Furthermore, the hierarchical structure of spatial concepts plays an important role when a robot moves based on linguistic instructions from a user. As shown in Figure 1, even if multiple tables are present in a room, robots can recognize them individually by using a spatial concept at a higher layer, such as “the front of the table in the living space.” Indeed, in RoboCup@Home, an international competition in which intelligent robots coexist with humans in home environments, location names are defined as two layers in the tasks of a General Purpose Service Robot1 as shown in Table 1. This table indicates that having sense of space relations is important for a robot coexisting with humans, e.g., that the living space has a center table.

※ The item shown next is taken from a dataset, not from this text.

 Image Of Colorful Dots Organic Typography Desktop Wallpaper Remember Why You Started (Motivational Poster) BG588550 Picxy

By having such hierarchical spatial concepts, it becomes possible to describe and move within a space based on linguistic communication with a user.
We assume that a computational model, which considers the hierarchical structure of spatial concepts, enables robots to acquire not only the spatial concepts, but also the hierarchical structure hiding among the spatial concepts through a bottom-up approach and form spatial concepts similar to those perceived by humans. The goal of this study was to develop a robot that can predict unobserved location names and positions from observed information using formed hierarchical spatial concepts. The main contributions of this paper are as follows.

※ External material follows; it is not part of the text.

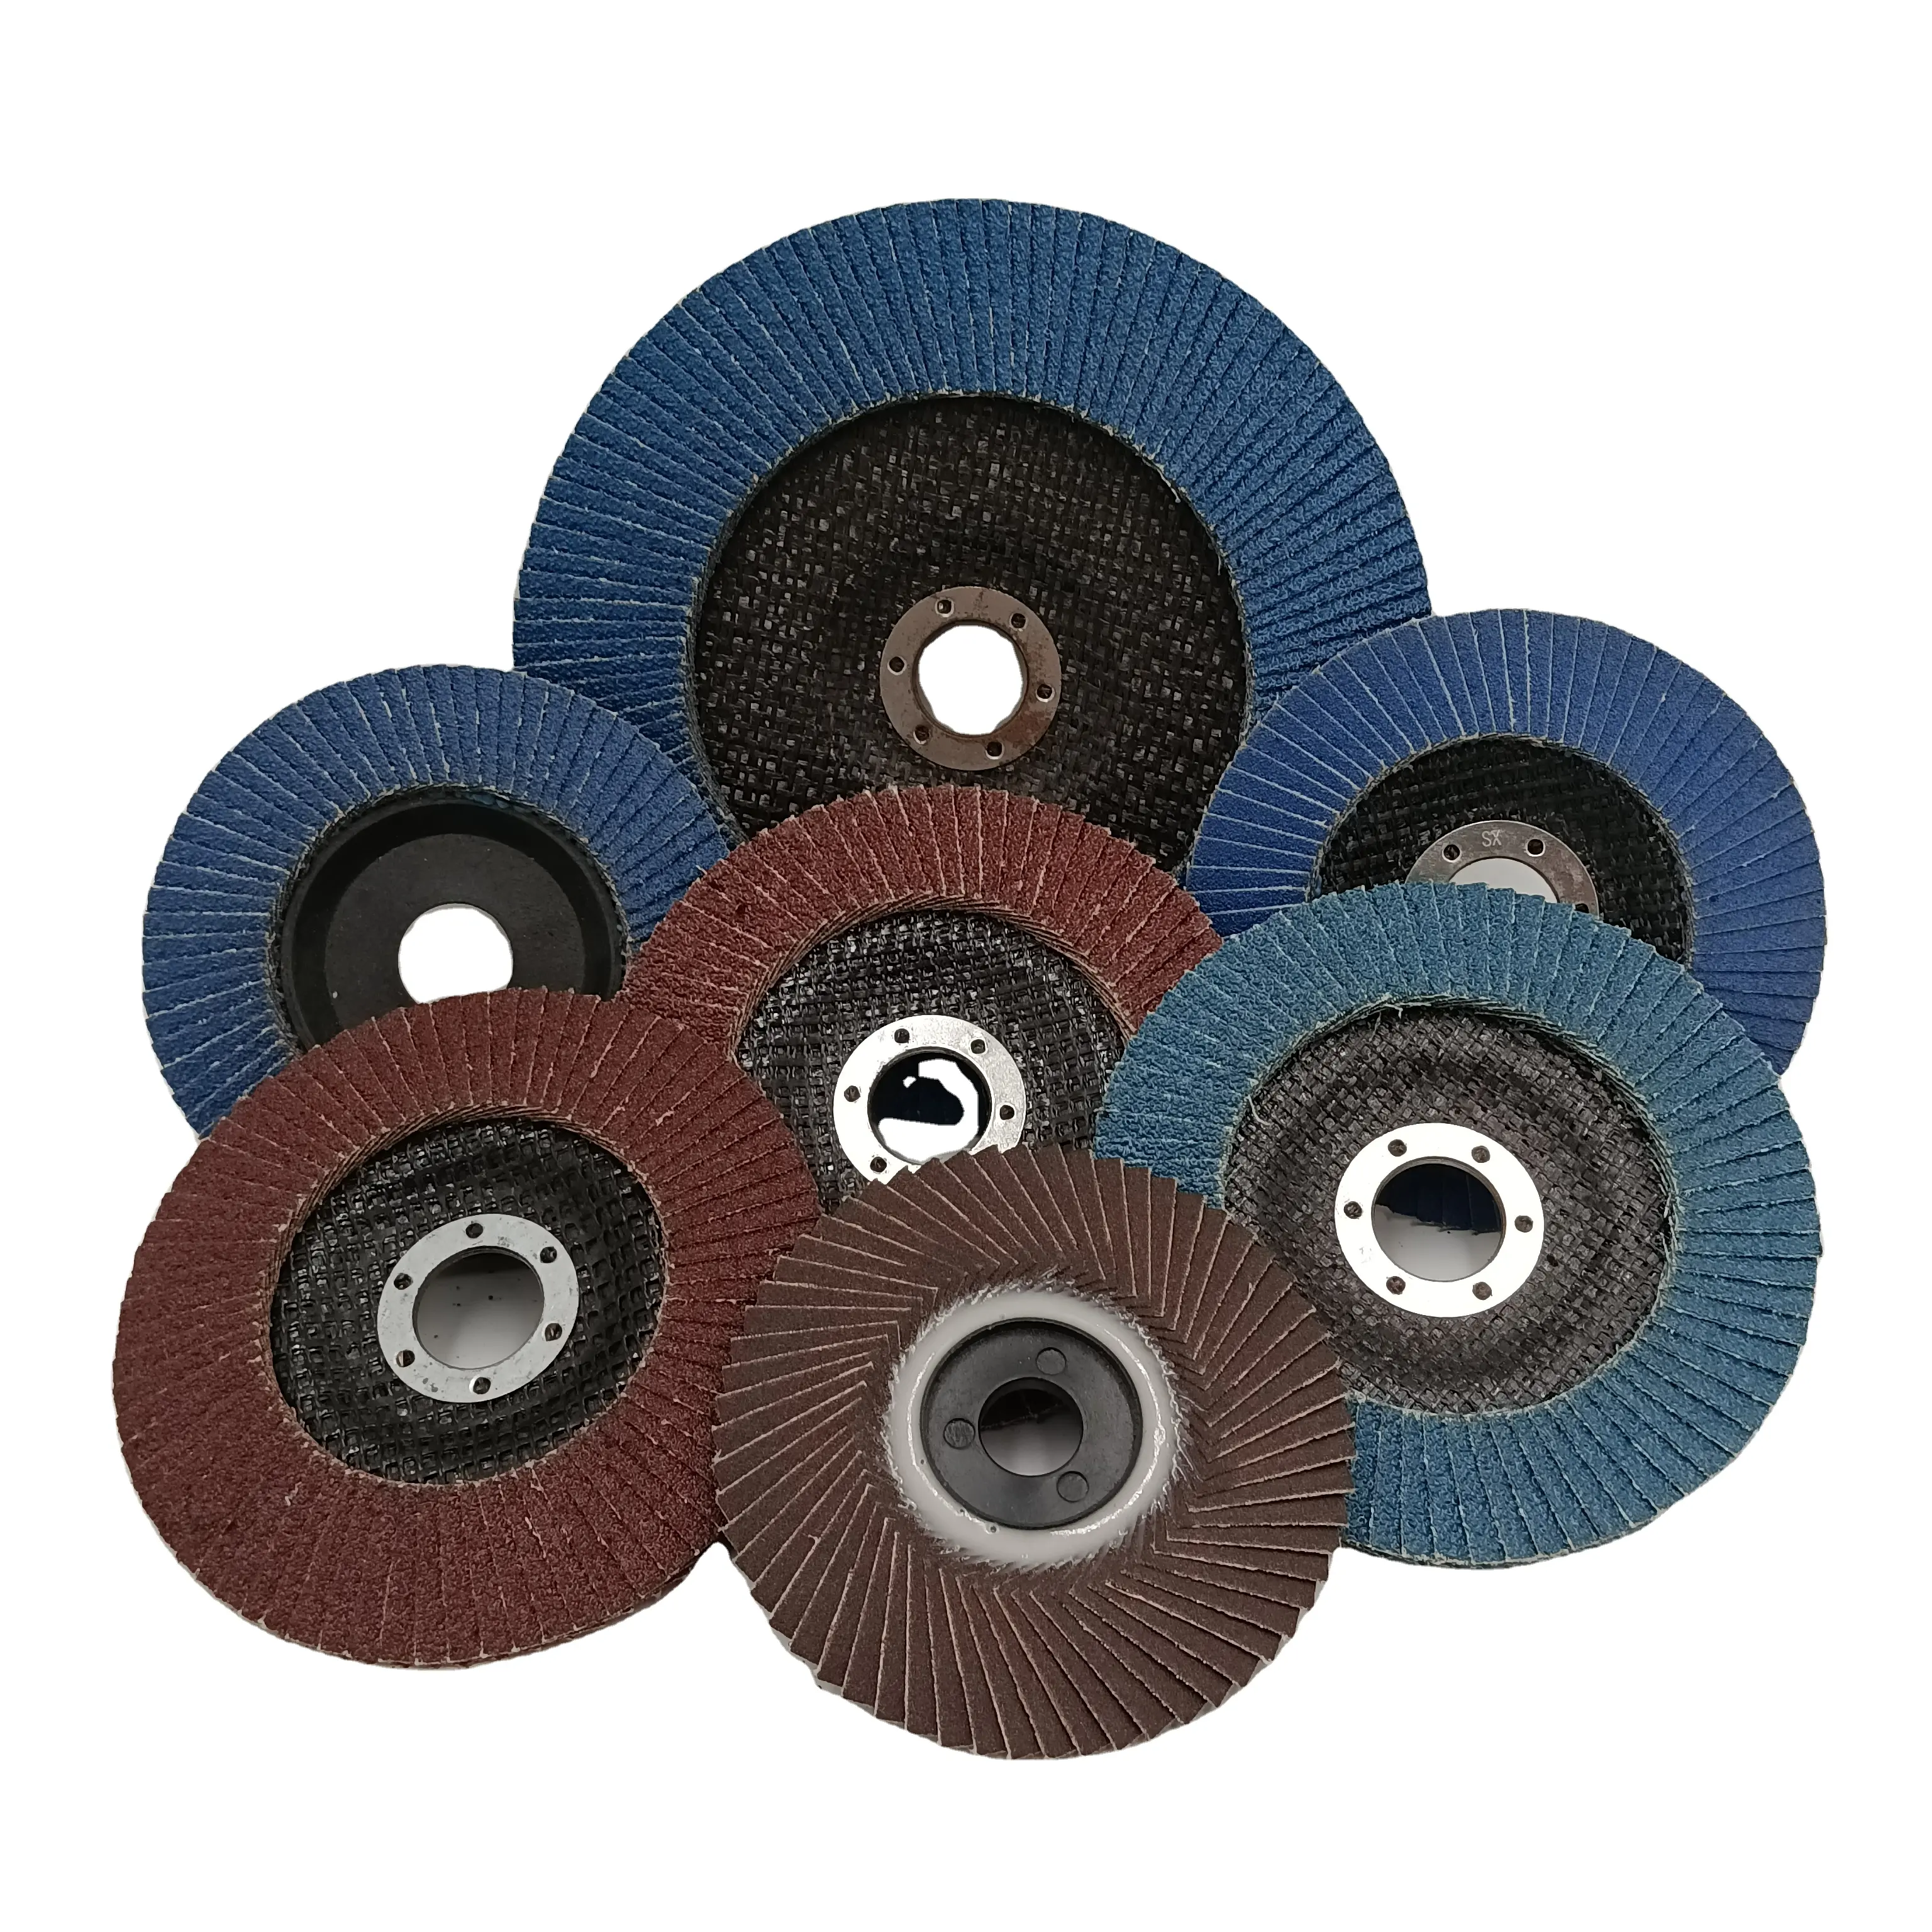 A factory specializing in the production of all different kinds of the flap disks

• We propose a method of forming hierarchical spatial concepts using a Bayesian generative model based on multimodal information, e.g., vision, position, and word information.
• We show that spatial concepts formed by the proposed method enable a robot to predict location names and positions similar to prediction made by humans.
• We demonstrate application examples in which a robot moves within and describes a space based on linguistic communication with a user through the hierarchical spatial concept formed by the proposed method.
The rest of this paper is structured as follows. Section 2 describes related works. Section 3 presents an overview and the computational model of hierarchical spatial concept formation. Section 4 presents experimental results evaluating the effectiveness of the proposed method in space categorization. Section 5 describes application examples of using hierarchical spatial concepts in a home environment. Finally, section 6 presents conclusions.
2. Related Works
In order for a robot to move within a space, a metric map consisting of occupancy grids that encode whether or not an area is navigable is generally used. The simultaneous localization and mapping (SLAM) (Durrant-Whyte and Bailey, 2006) is a famous localization method for mobile robots. However, the tasks that are coordinated with a user cannot be performed using only a metric map, since semantic information is required for interaction with a user. Nielsen et al. (2004) proposed a method of expanding a metric map into a semantic map by attaching a single-frame snapshot in order to share spatial information between a user and a robot. As a bridge between a metric map and human-robot interaction, research on semantic maps that provide semantic attributes (such as object recognition results) to metric maps has been performed (Pronobis et al., 2006; Ranganathan and Dellaert, 2007). Studies have also been reported on giving semantic object annotations to 3D point cloud data (Rusu et al., 2008, 2009). Moreover, in terms of studies based on multiple cues, Espinace et al. (2013) proposed a method of characterizing places according to low-level visual features associated to objects. Although these approaches could categorize spaces based on semantic information, they did not deal with linguistic information about the names that represent spaces.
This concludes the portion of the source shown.